「都会暮らしはどう?」

「うん……なんとか、やれてるかな」


それだけで、ナギは私が何を困難としているのかわかったようで。


「もしかして、まだ苦手なんだ? 人と接するの」


昔の私を思い出し懐かしんでいるのか、優しく眦を下げたナギ。

小さく頷いてみせると「そうか」と、私の頭をポンポンと幼い子をあやすように叩いた。

触れられて、キュ、と胸が恋心に締め付けられる。

ナギは変わらない。

昔もそうだった。

人見知りをする私に、大丈夫だよって笑いながら手を握ってくれていた。

変わらないナギに私は安心し、緊張がほぐれていく。

だから、久しぶりでも私は自分から話すことができた。

コミュニケーションは苦手だけど、中学に入ってからできた親友がいることや、今はその子と一緒に本屋さんでバイトをしていることを。
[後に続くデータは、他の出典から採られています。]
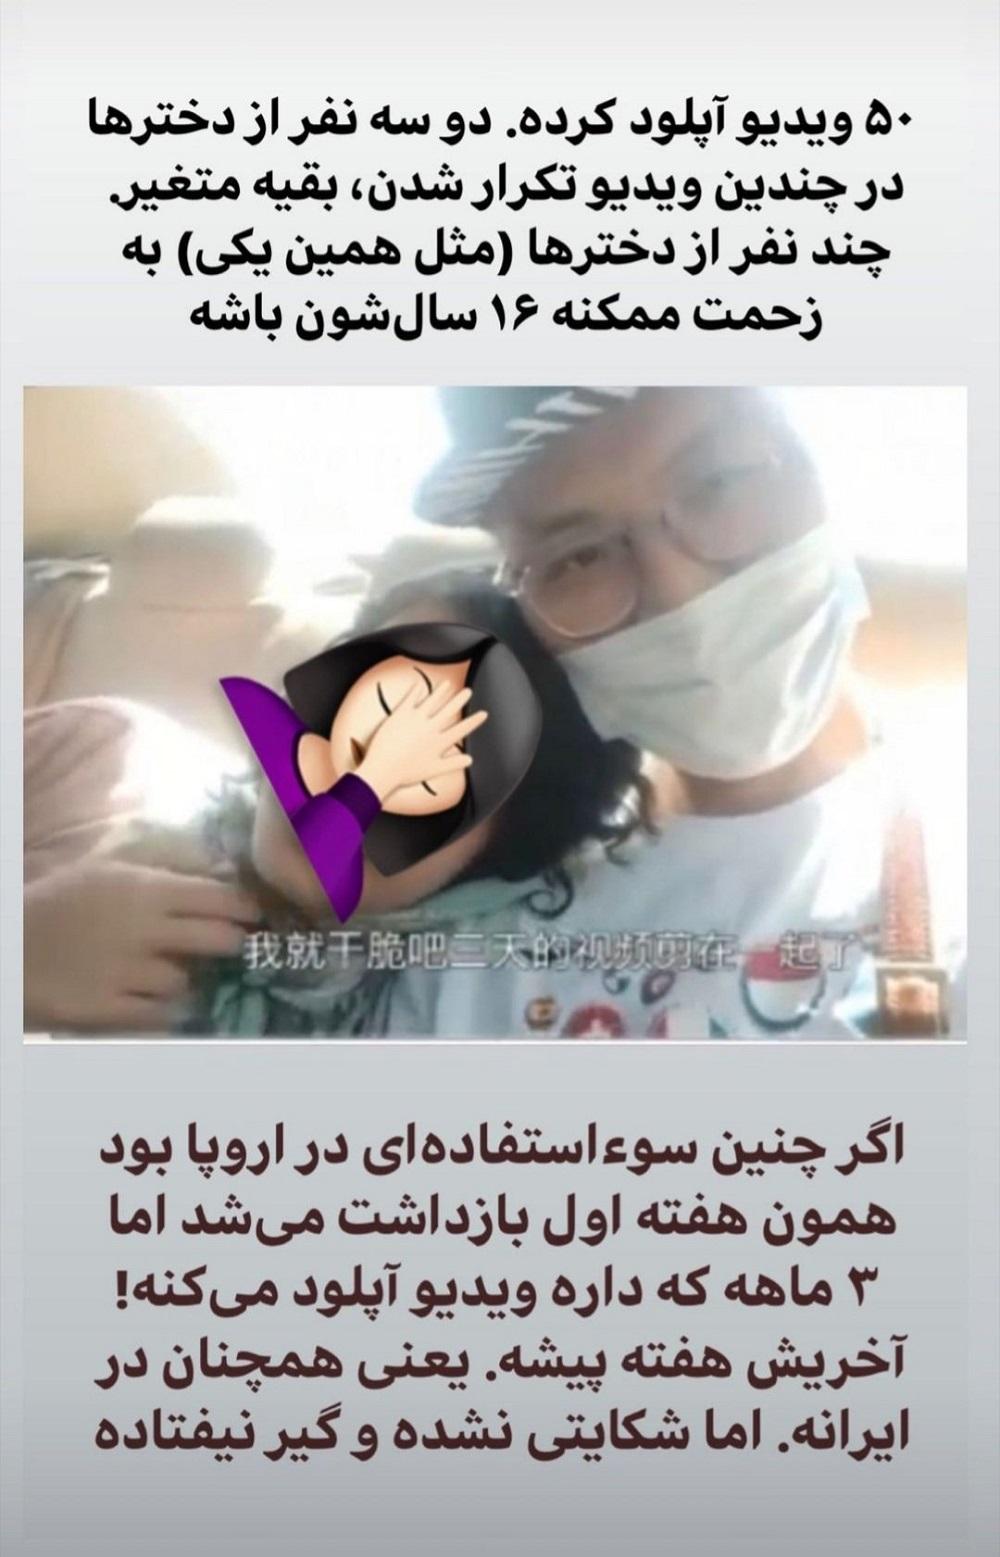 فیلم های شهروند چینی و دختران ایرانی در یوتیوب

都会はとても便利だけど、人に溢れた街は、私には少し息苦しく感じることを。

苦笑いする私に、ナギは穏やかな声色で言う。


「もしかしたら、この島にいる間に少しは克服できるかもな」


ここの島民は、心根があったかい人が多いから。

彼の言葉に、私はそうであればいいなと願いつつ首を縦に振った。

直後、鼻がムズムズして。


「っくしゅん」


私は口元を押さえ、くしゃみをした。